By R&D Editors | May 8, 2015

Co-precipitation of pentavalent neptunium into mineral structures could reduce transport in the subsurface. Associated with contamination in certain spots around the world, pentavalent neptunium does not always behave the same as its stand-in when moving through the soil, according to scientists at Univ. of Notre Dame and Pacific Northwest National Laboratory. The less studied pentavalent neptunium and the well-studied hexavalent uranium are incorporated at dramatically different levels in calcite and other carbonate minerals. Assimilation in minerals can limit the radionuclides migration.

The radioactive metallic element neptunium is created when uranium-based nuclear fuel is burned up in electricity-producing commercial reactors and in plutonium-producing reactors operated for military purposes. Long-lived, toxic, and highly mobile in water, pentavalent neptunium can come in contact with human beings through a variety of routes. A recent example is the interaction of water with damaged nuclear fuel in Fukushima, Japan, in 2011. Understanding the range of processes that will hinder the transport of pentavalent neptunium, including incorporation into minerals that form naturally in the subsurface, can assist in disaster preparedness and environmental remediation.

Because neptunium does not occur naturally in any appreciable quantity and there is no natural analogue for its environmental chemistry, predictions for environmental transport of pentavalent neptunium are based on studies of hexavalent uranium. In part, this substitution is done because it is easier and cheaper to conduct studies with uranium.

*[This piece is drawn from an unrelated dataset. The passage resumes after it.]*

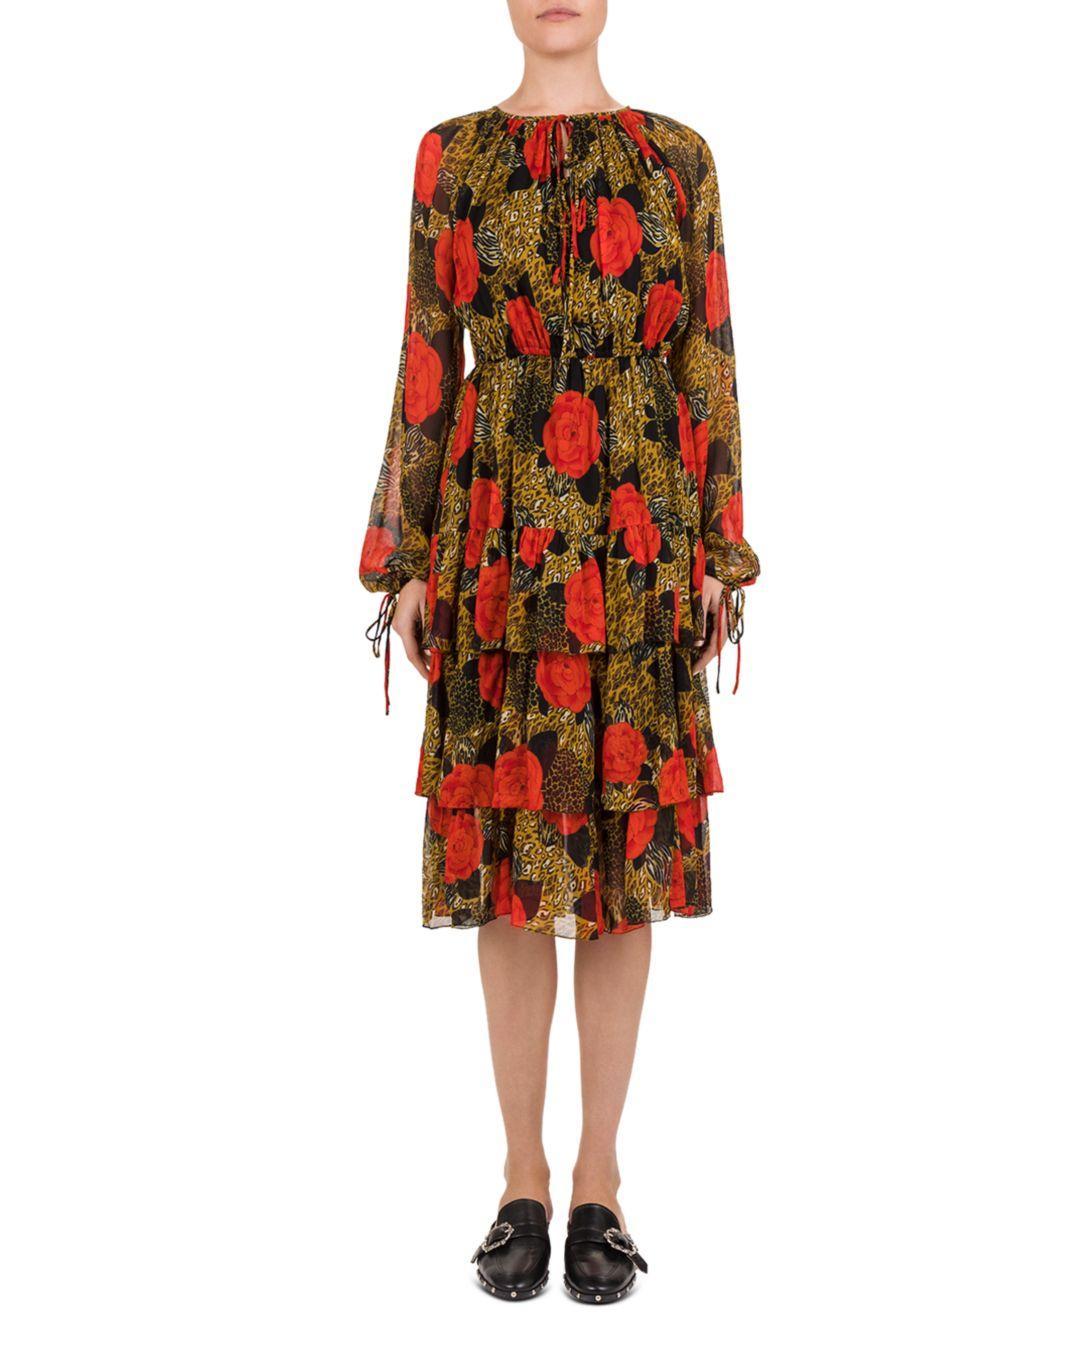 95fea65fc0 Lyst - The Kooples Jungle Flowers Printed Midi Dress in Red

However, there are major differences in crystal chemistry of uranium and neptunium, suggesting they would not be incorporated in mineral structures the same way.

Using spectroscopic and imaging instruments at RadEMSL, the radiochemistry facility that is part of the U.S. Dept. of Energy (DOE)’s EMSL, scientists examined factors that influence structural incorporation of the two ions into carbonate and sulfate minerals.

Overall, growing carbonate minerals incorporated both ions at far higher levels than sulfate minerals. The experimental data also showed significant differences between how neptunium and its stand-in are incorporated into carbonate minerals. For example, the mineral calcite strongly prefers pentavalent neptunium to hexavalent uranium. However, not all minerals treated the radionuclides differently. Gypsum did not incorporate either.